Picture number three . The Union Cavalry moves in !

Picture number four . The Union Artillery fires a volley ! It was LOUD !

Picture number five ! The Union soldiers had the high ground and the Confederate soldiers can barely be seen above the heads of the crowd in the right of the last picture! The Confederates were way back next to the woods in the low ground so it was very hard to capture a decent picture of their Army ! All it all it was a fun day, the Reenactment soldiers put on a great show for the many thousands that attended the event !


----------



## Hoss (Mar 21, 2010)

Cool shots.  That would be a great photo op.  Glad you went, got the photos and shared em with us.

Hoss


----------



## marknga (Mar 21, 2010)

Great pictures! I miss those reenactments as we used to do them back in the 80's. Lot of fun and it was always rewarding to have an opportunity to teach.
Looks like a beautiful day.


----------



## wvdawg (Mar 21, 2010)

Cool shots - thanks for sharing them!


----------



## Redbow (Mar 21, 2010)

Yes it was a beautiful day for the Reenactment with highs in the upper 70's in fact I sweated as I watched the mock battle ! 

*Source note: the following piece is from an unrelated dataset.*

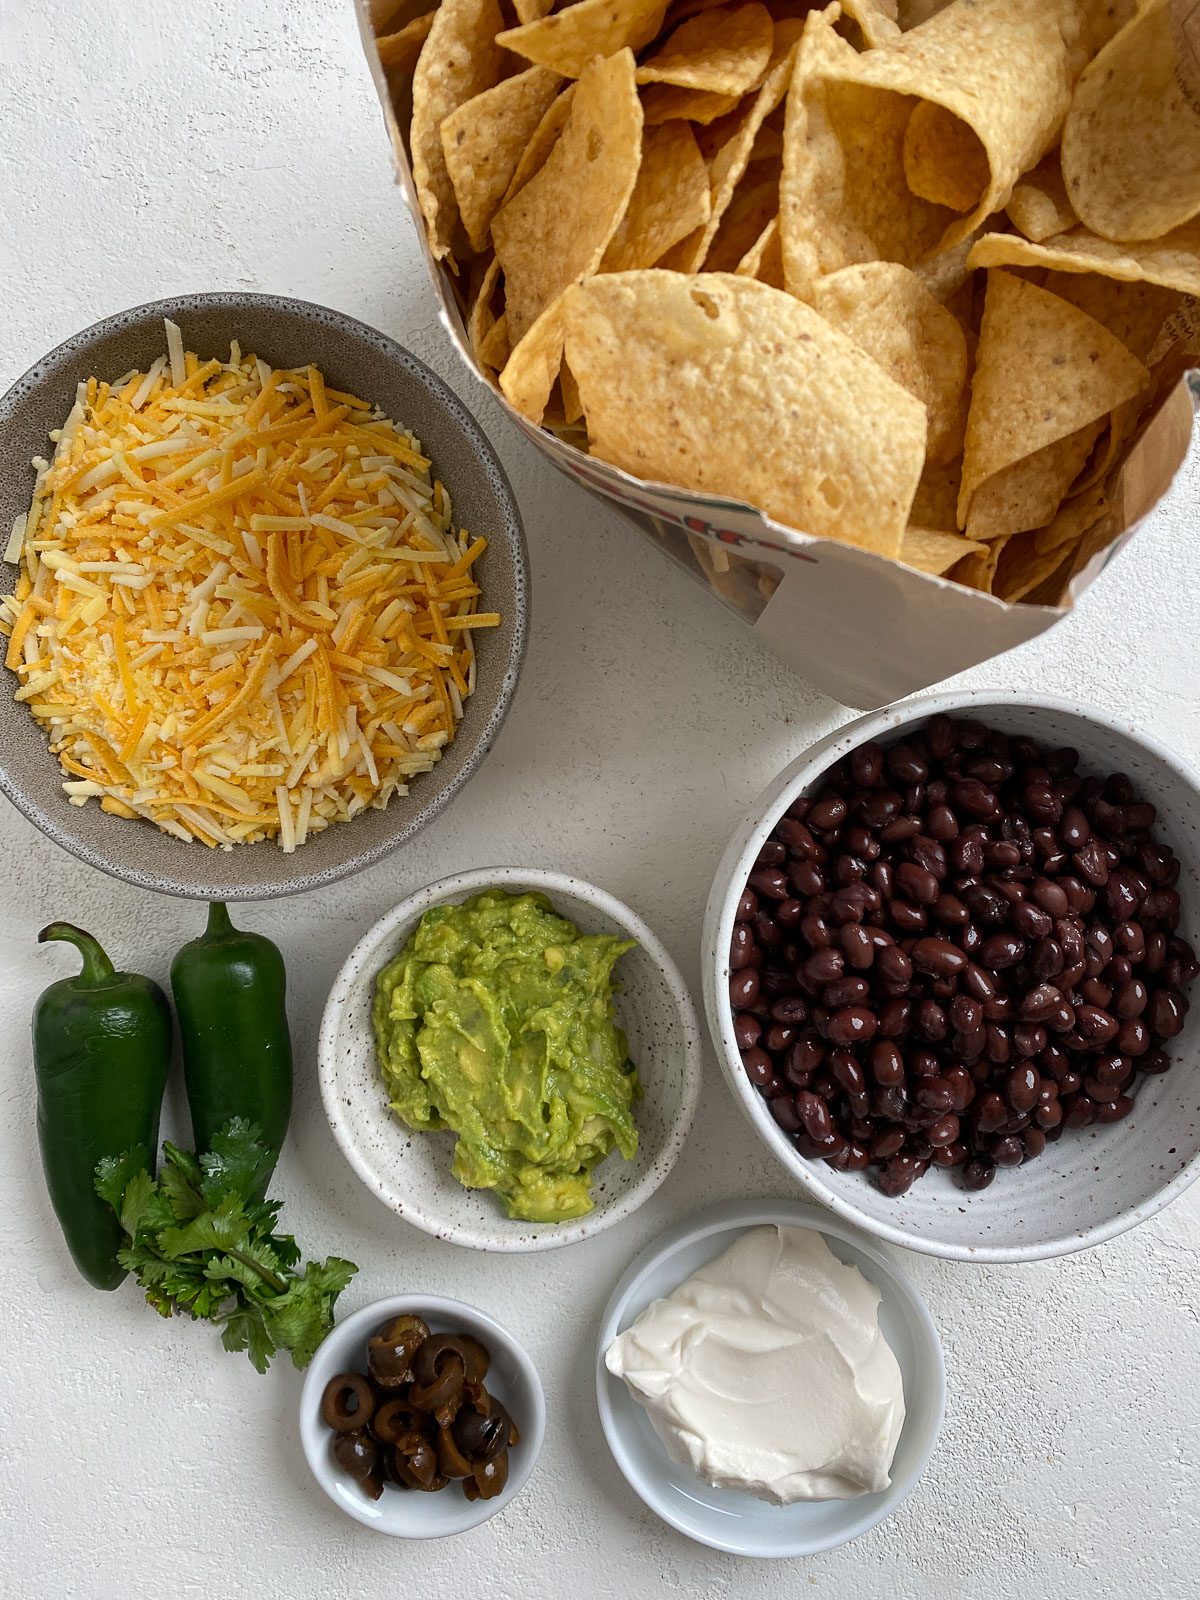 measured out ingredients for Vegan Air Fryer Nachos against white background

One thing that really did me good was lots of Boy Scouts were there ! I also saw many young kids dressed as Confederate Soldiers complete with toy guns in hand ! I did not see even one dressed as a Union Soldier ! One adult had a wooden replica of a double barreled shotgun that he was carrying around slung over his shoulder ! Many vendors were set up on the grounds with blacksmithing, spinning cloth on an old spinning wheel and folks cooking over open camp fires ! Women dressed in fashions of the Civil War days was interesting ! All the kids there had big smiles on their faces ! Had I been a reenactment soldier I would have had to give some of them a ride on my Horse !!!

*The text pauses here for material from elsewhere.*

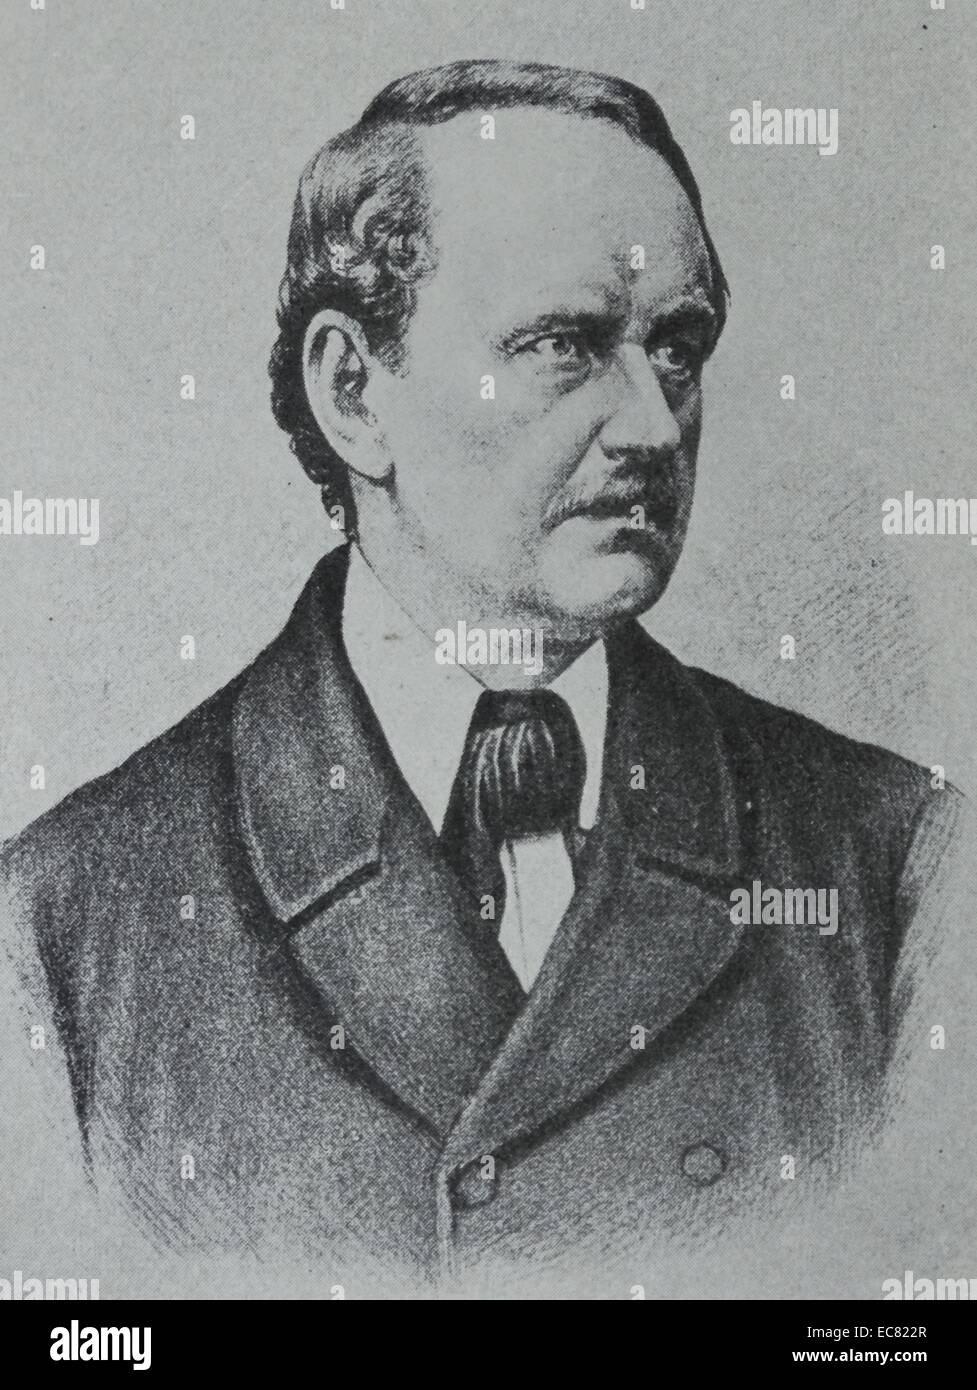 Matthias Jakob Schleiden (5 April 1804 – 23 June 1881) was a German botanist. He was best known for being a co-founder of the cell theory. Stock Photo

Someone pointed out to me that the Crape Myrtle Tree in the first picture was there during the Civil War according to pictures from that time and era !!


----------



## rip18 (Mar 21, 2010)

Pretty cool stuff.  Thanks for sharing.

They had a big Revolutionary War reenactment over this way last weekend (the Battle of Guilford Courthouse).  I saw a couple of the camps & several soldiers & camp followers, but just couldn't make the time to stop & shoot.  I'm glad you went to that one.


----------



## bluebronco93 (Mar 22, 2010)

Thanks for sharing... I miss doing reenactments too. I used to go to Andersonville reenactments. Now I go as a spectator. But it's really cool to see and learn the history behind them.


----------



## Milkman (Mar 22, 2010)

Great pics thanks for sharing,  2010 begins the sesquicentennial for the War Between the  States. There seems to be much renewed interest and lots of younger folk interested recently. 

Study of history is a great pastime.


----------



## squirreldoghunter (Mar 25, 2010)

Would have loved to been there and seen that! Thanks for sharing!


----------



## westcobbdog (Mar 26, 2010)

great pics, my bro in law was there and he was asked to be on the Union side...said there were a few "real" yankees from places like RI, CT,ect..said they were dissen' the South. He said it was tough listening to their music and dialects. He was sorta like a prisoner!

I had a relative who made it all the way to Bentonville and was wounded.


----------



## huntaholic (Mar 26, 2010)

COOL PICS Thanks !


----------